Nachhaltiges Handeln heißt, ökologische, ökonomische und soziale Belange in Einklang zu bringen (Bild 2). Für ein entsprechendes Gebäudekonzept ist jedes Vorhaben zunächst in seinem städtebaulichen Kontext zu sehen: Welche Chancen bietet die vorhandene Umgebung, wie kann sie sinnvoll ergänzt und genutzt werden?

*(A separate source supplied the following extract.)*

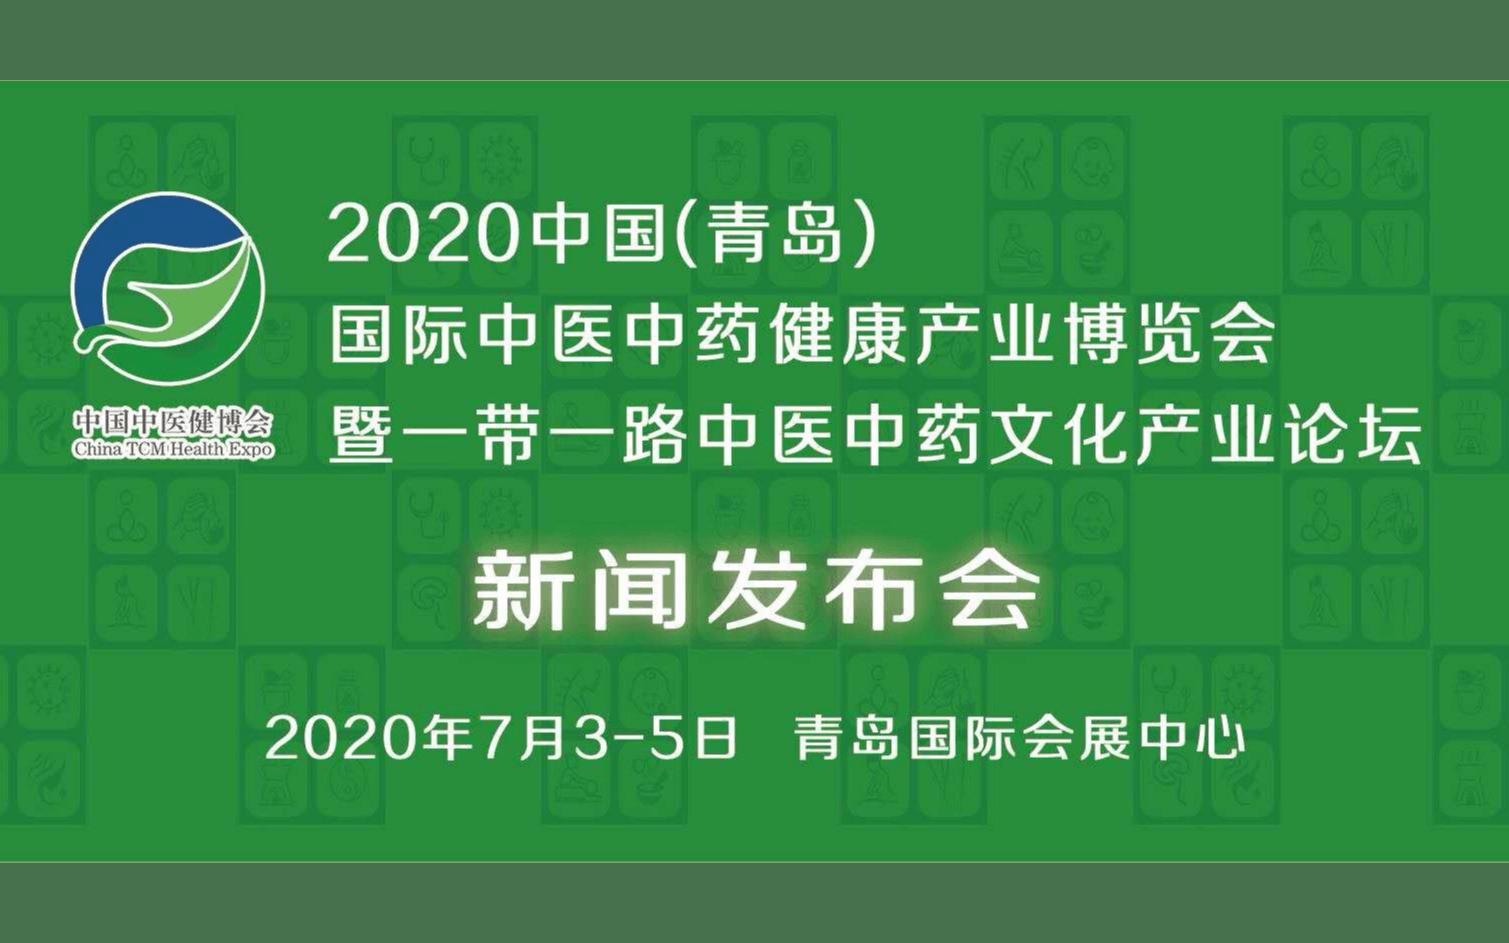 2020中国山东(青岛)国际中医中药健康产业博览会暨一带一路中医中药文化产业论坛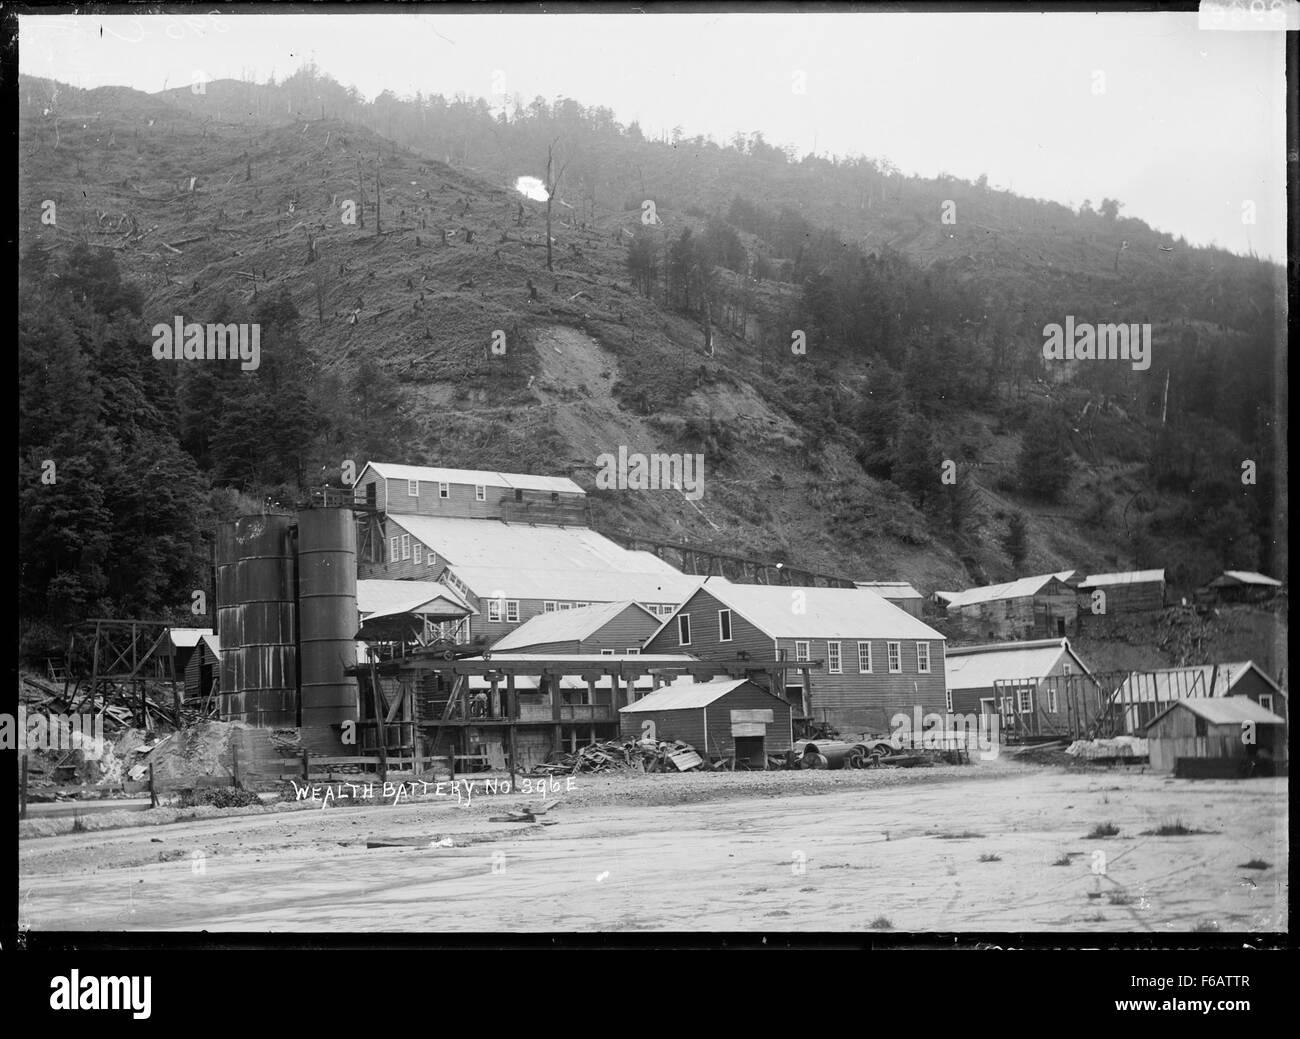 La vista de la riqueza, el condado Inangahua batería Foto de stock

Schritte zu mehr Nachhaltigkeit
Integrierte Planungsansätze verbinden den Standort so mit einem klimatisch sinnvollen Entwurf. Für das Haus selbst müssen dabei passive und aktive Strategien für Wärme, Kälte, Luft, Licht und Strom zusammenspielen – angepasst an die jeweilige individuelle Bauaufgabe. Passive Strategien minimieren den Energiebedarf des Gebäudes, beispielsweise indem die Wärme innerhalb des Hauses gehalten oder der Strom effizient genutzt wird. Der so reduzierte Energiebedarf sollte anschließend über aktive Maßnahmen wie eine möglichst effiziente und regenerative Wärme- und Stromerzeugung vor Ort gedeckt werden.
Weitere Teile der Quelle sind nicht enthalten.